→ **Input material**
·····

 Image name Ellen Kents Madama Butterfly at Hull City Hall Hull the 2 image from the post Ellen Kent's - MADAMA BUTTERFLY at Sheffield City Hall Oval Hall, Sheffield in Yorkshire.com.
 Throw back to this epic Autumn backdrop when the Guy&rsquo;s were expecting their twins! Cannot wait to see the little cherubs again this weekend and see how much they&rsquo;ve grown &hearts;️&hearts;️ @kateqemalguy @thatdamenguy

·····

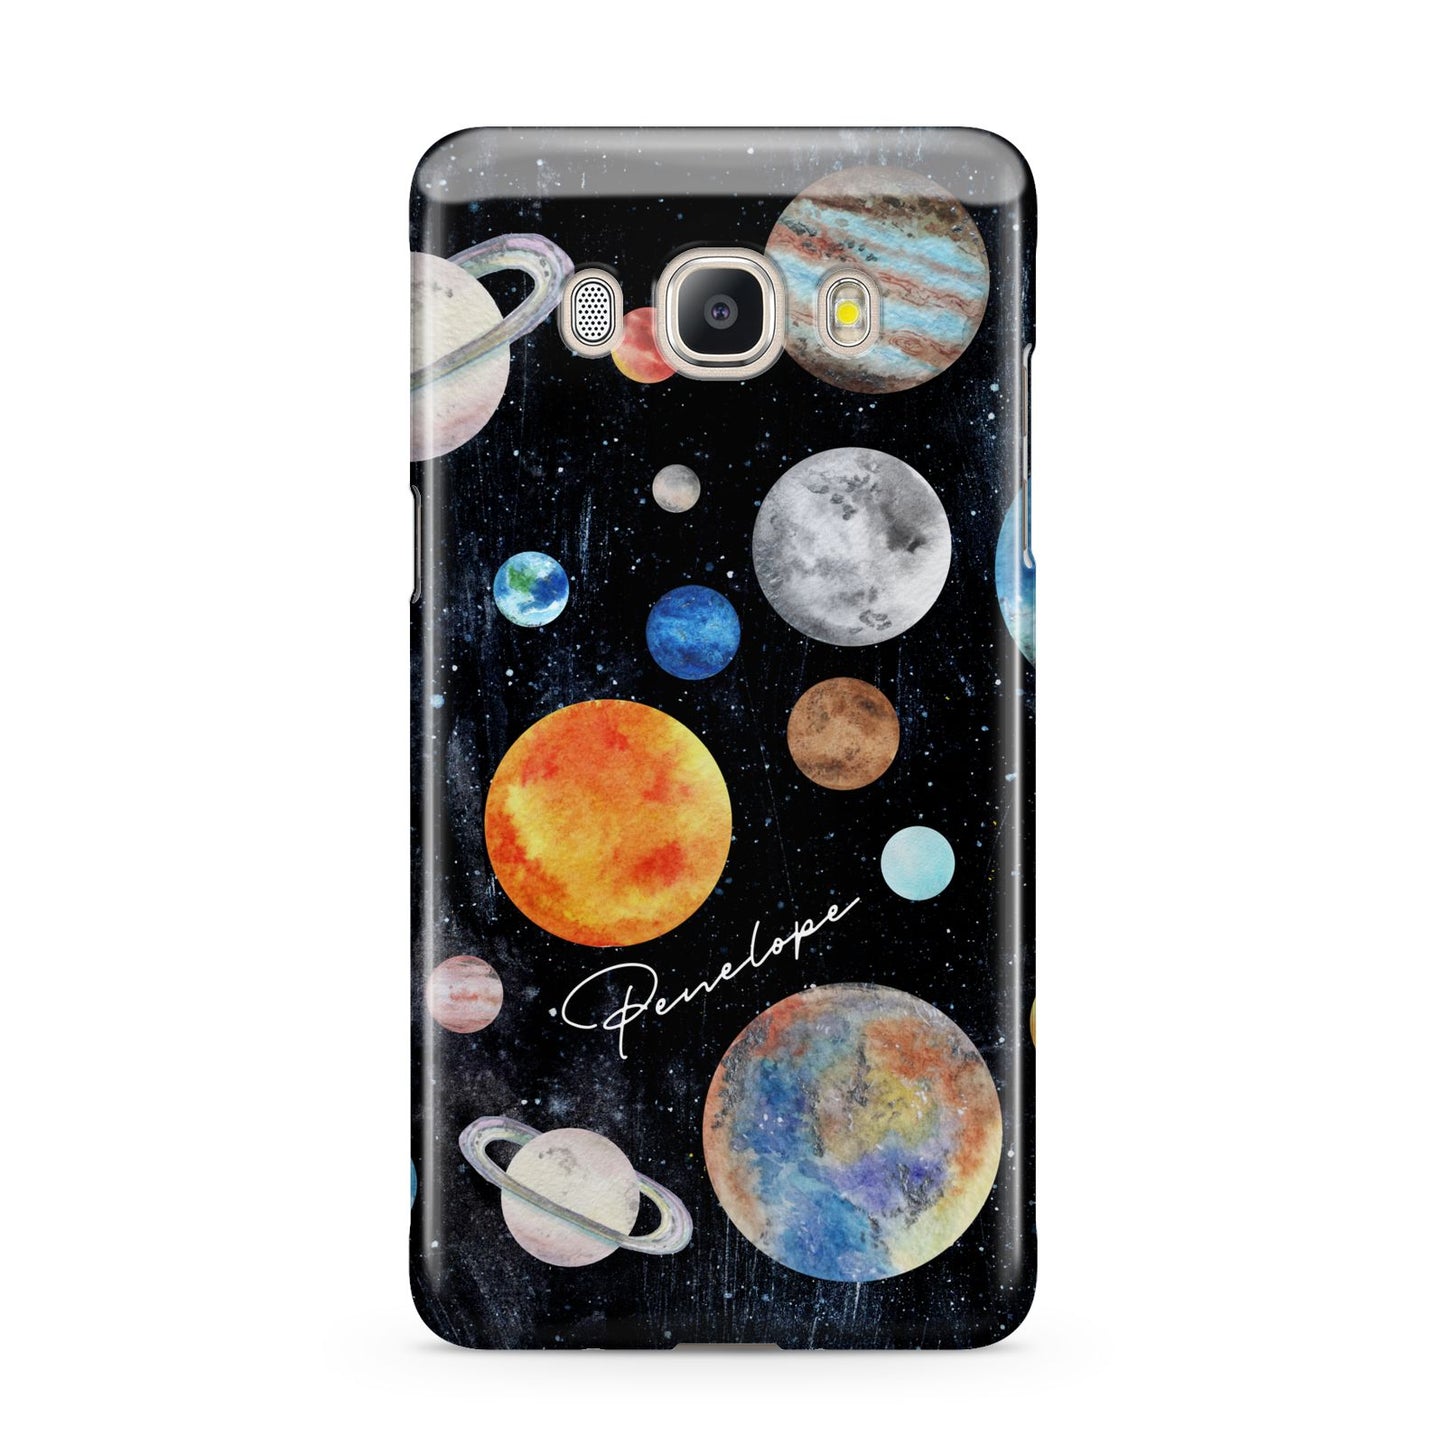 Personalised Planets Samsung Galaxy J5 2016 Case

·····

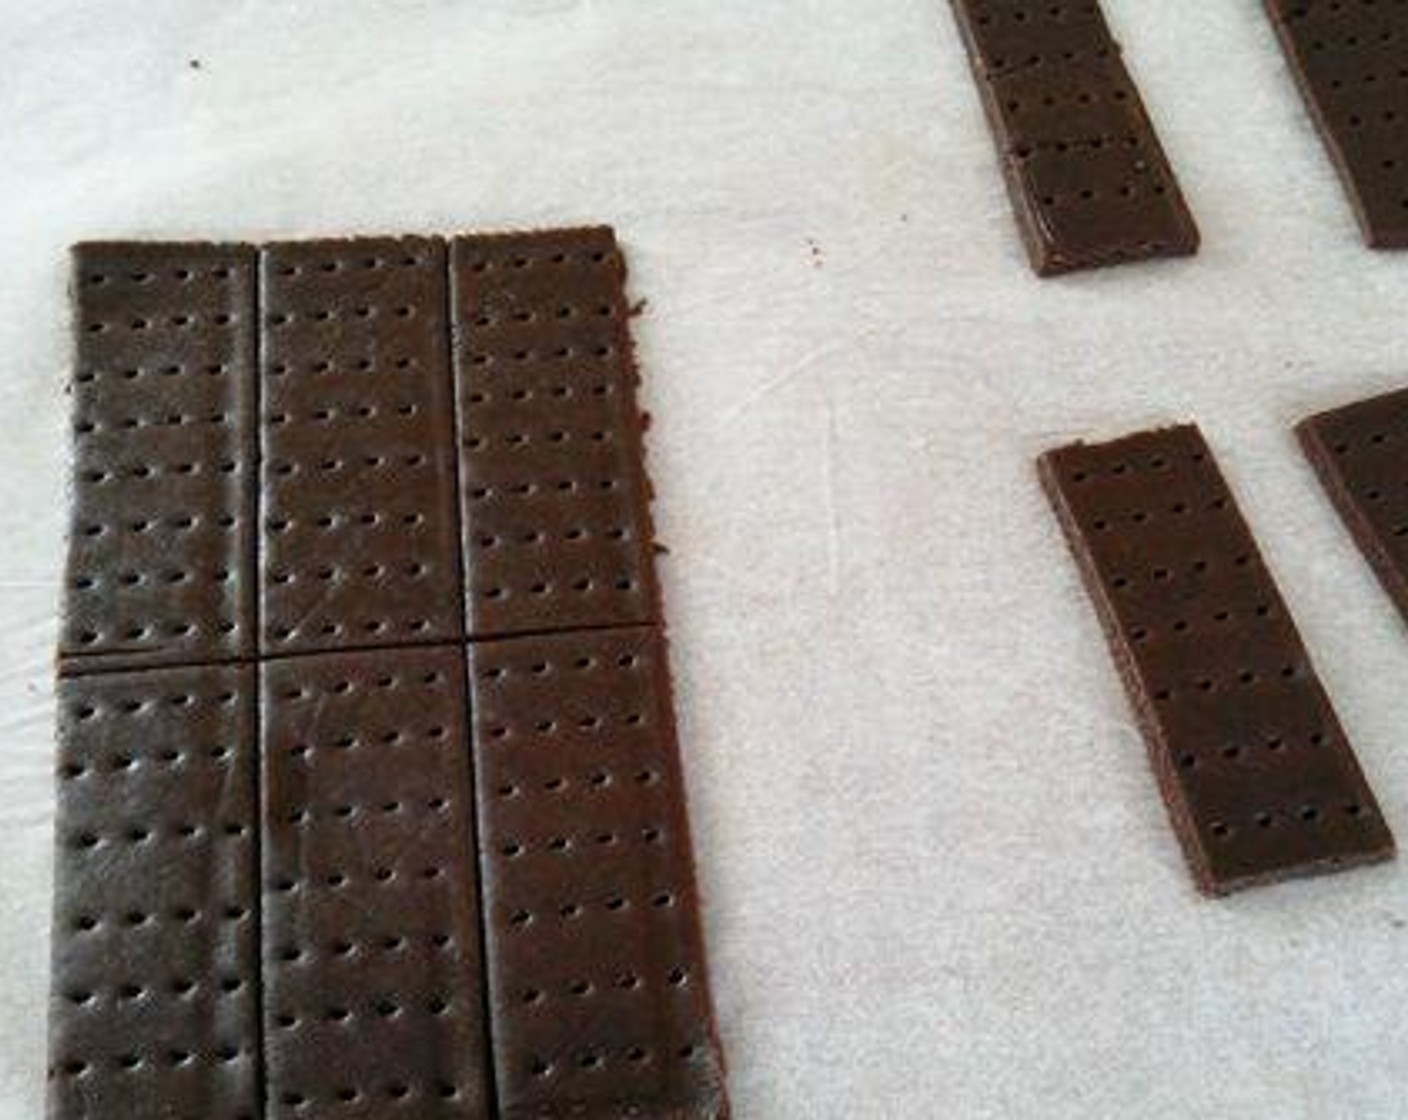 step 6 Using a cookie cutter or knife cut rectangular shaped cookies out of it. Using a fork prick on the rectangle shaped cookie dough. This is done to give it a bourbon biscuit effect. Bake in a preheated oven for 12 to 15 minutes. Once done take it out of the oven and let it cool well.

·····

→ **Your goal**
As listed above, the lines from the line with "Image name Ellen" to the line with "Throw back to" are to be echoed exactly, with both ends included and nothing added.

→ **Response for this exercise**
 Image name Ellen Kents Madama Butterfly at Hull City Hall Hull the 2 image from the post Ellen Kent's - MADAMA BUTTERFLY at Sheffield City Hall Oval Hall, Sheffield in Yorkshire.com.
 Throw back to this epic Autumn backdrop when the Guy&rsquo;s were expecting their twins! Cannot wait to see the little cherubs again this weekend and see how much they&rsquo;ve grown &hearts;️&hearts;️ @kateqemalguy @thatdamenguy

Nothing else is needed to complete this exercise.